08:25 - Consider an analysis governed only by 3 genes (G1, G2 and G3), and 5 cells (A, B, C, D and E).
08:34 - The first row of the top table defines the library size, which is total number of messenger RNAs across all genes in each cell.
08:42 - The subsequent rows are the thresholds of gene detectability, displaying how many genes are detected in each cell for genes greater than the threshold amounts of 0 to 4.
08:52 - We see that even a threshold of greater than 3 transcripts detected in a given cell still keeps 3 cells in the analysis: B, C, and E. In the lower table, the opposite is represented, with the total number of transcripts across all cells for each gene.
09:08 - By setting thresholds of detectability, we can see how many cells are described by the gene for that threshold.
09:15 - In both cases, we can see that if we set the thresholds too low, then we risk keeping low quality genes or cells, but if we set the thresholds of detectability too high, then we risk losing too many.

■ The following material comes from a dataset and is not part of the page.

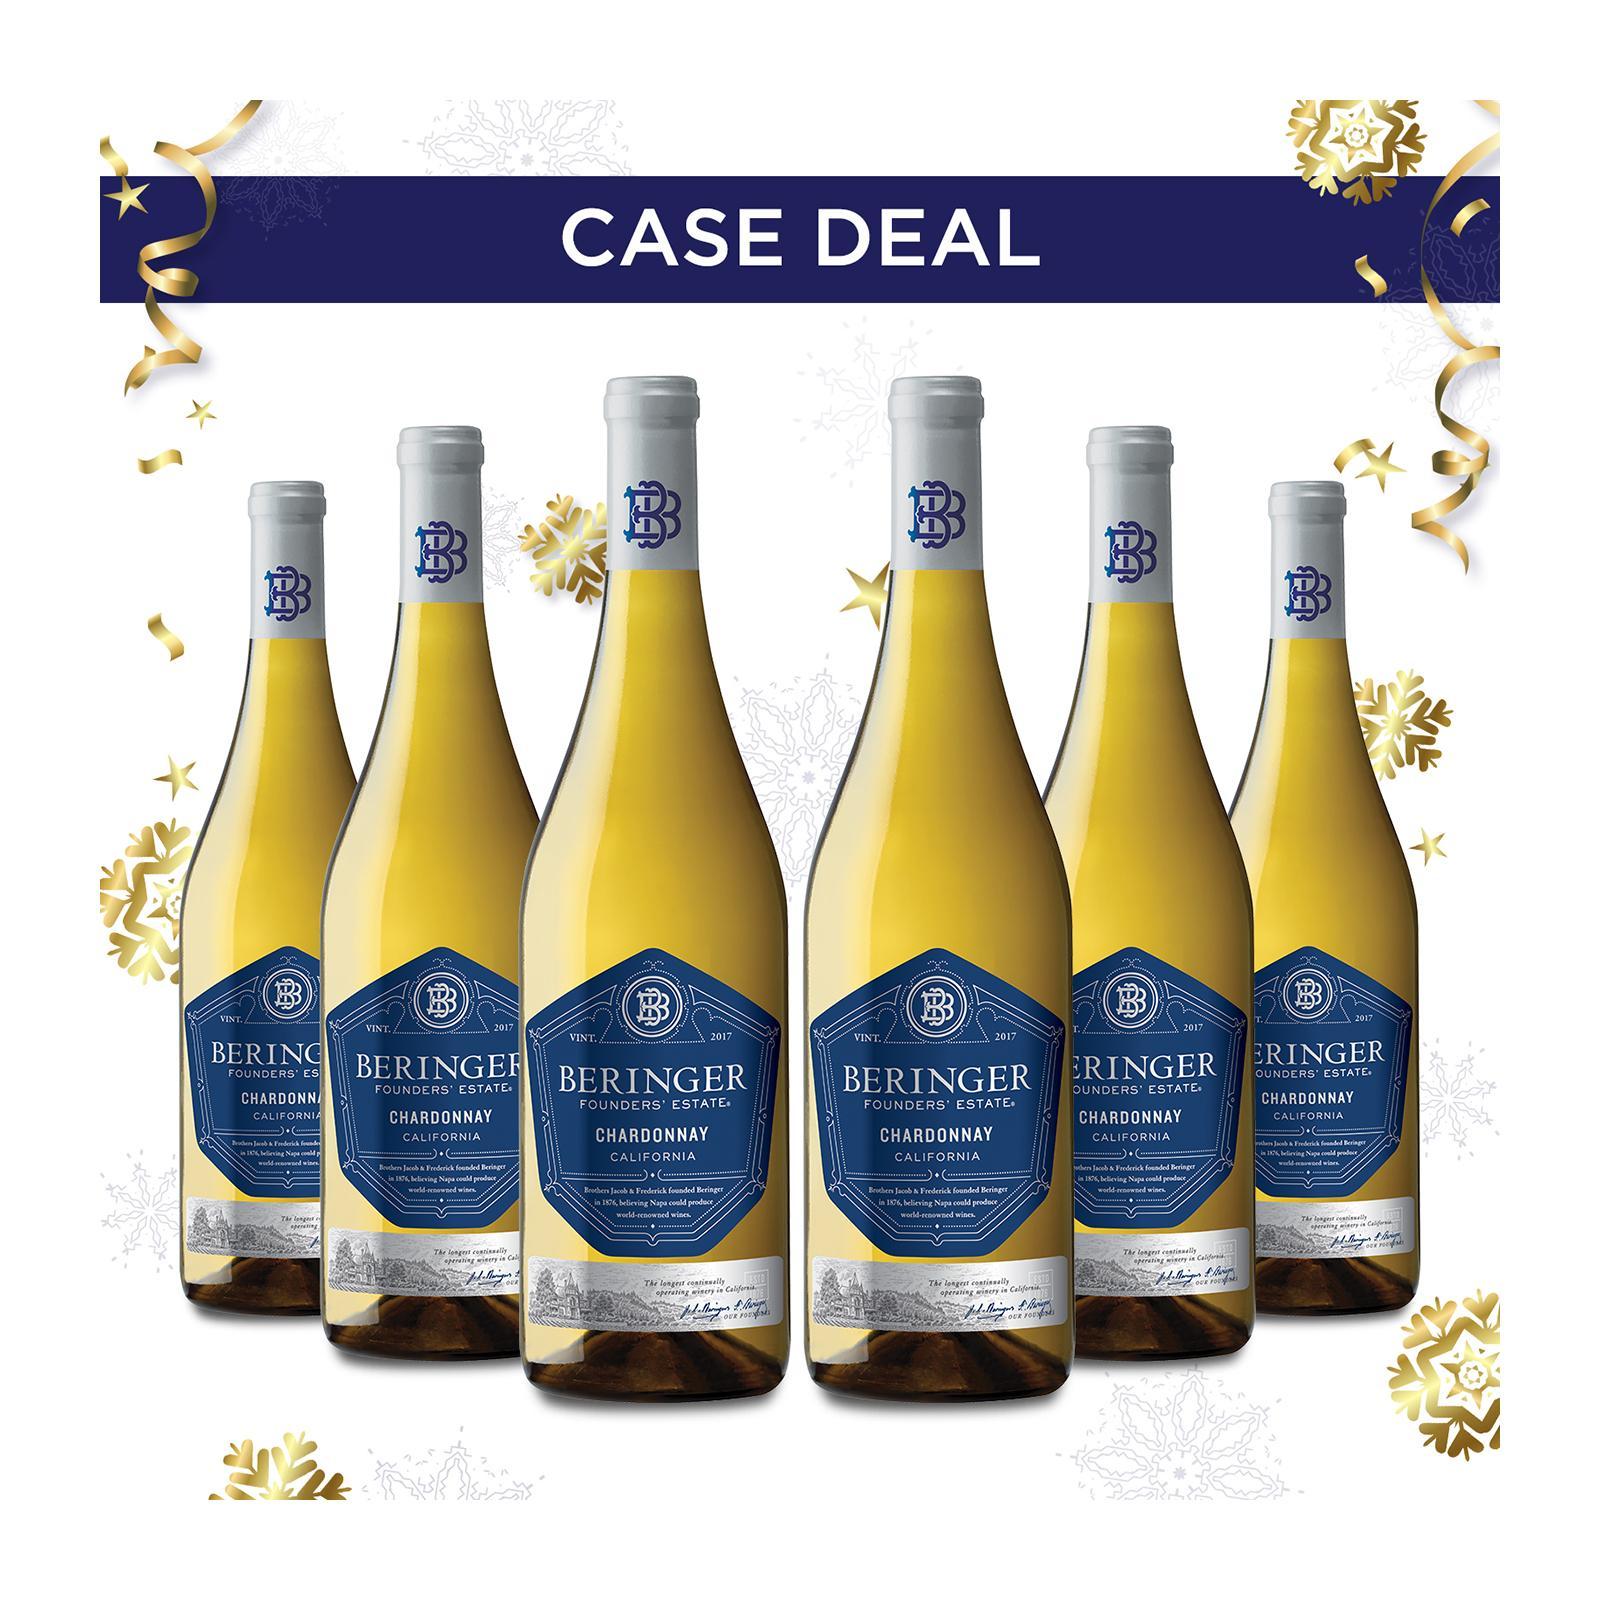 Beringer Founders Estate Chardonnay - Case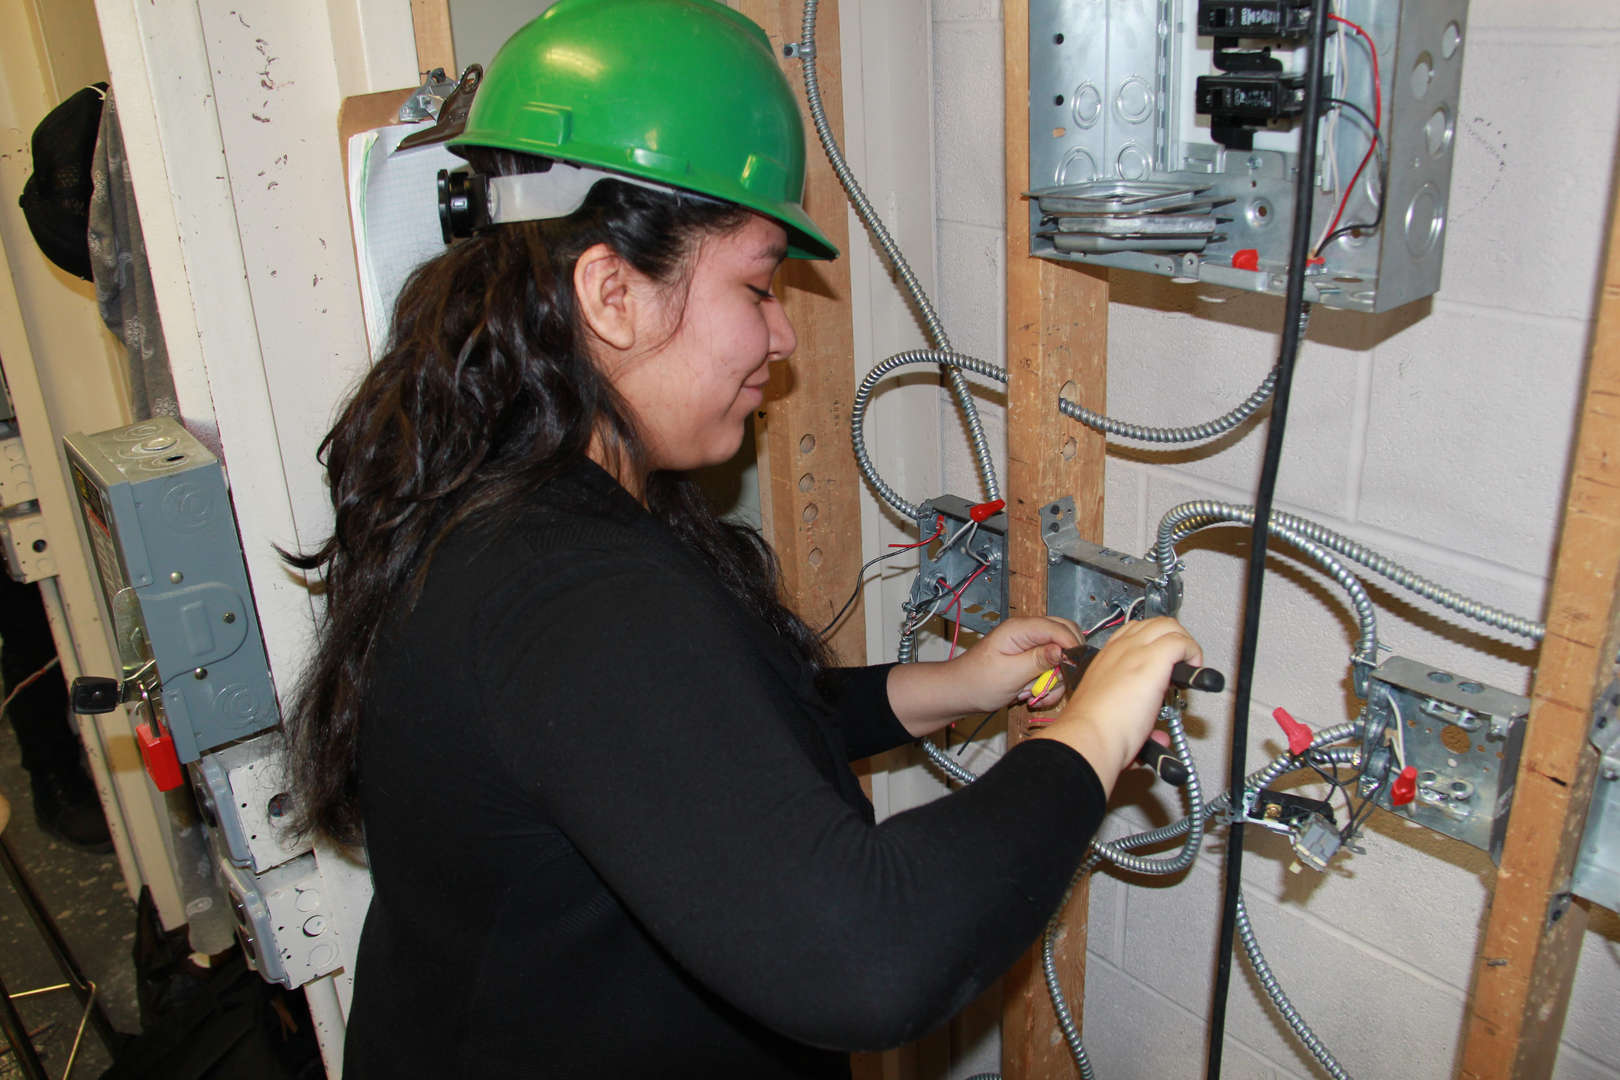 Student installing wiring

09:28 - Filtering can be a luxury however, as many single-cell RNA-seq datasets have typically low sequencing depth compared to bulk RNA-seq.
09:37 - During the process of normalisation, samples are scaled against one another to make them more comparable.
09:43 - This is normally performed by using median values. For example, for DE-Seq normalisation, the geometric mean count for a cell is taken, and each gene value in that cell is divided by it and by the median value of all geometric means of all cells.
10:00 - If median gene expression is high, then this normalisation method works quite well.
10:06 - But if the median gene expression is zero, as is often the case with single-cell data, then we have the problem of dividing by zero.
10:14 - There are methods to get around these zero counts.
10:18 - One such method is the SCRAN method which works by creating overlapping pools of cells such that any individual cell is characterized by cells of similar library sizes.
10:28 - The method involves splitting all cells into an odd and even group by their library size, and arranging them onto a ring structure where neighbouring cells on the ring have similar sizes.
10:40 - Overlapping pools of fixed sizes are defined, resulting in each cell being defined by multiple pools.
10:46 - A linear model for that cell can then be built by the pools it occurs within, and normalisation factors for all cells can be determined this way.
10:55 - By this method, the issue of low sequence coverage is worked around by turning cells with low library sizes into useful components of a size factor that can be applied to similar cells.
11:07 - Such novel normalization methods were commonplace a few years ago, but as sequencing technologies have improved, the issue of many zero counts in a matrix becomes less important, and normalisation size factors can be derived using bulk RNA-seq methods once again.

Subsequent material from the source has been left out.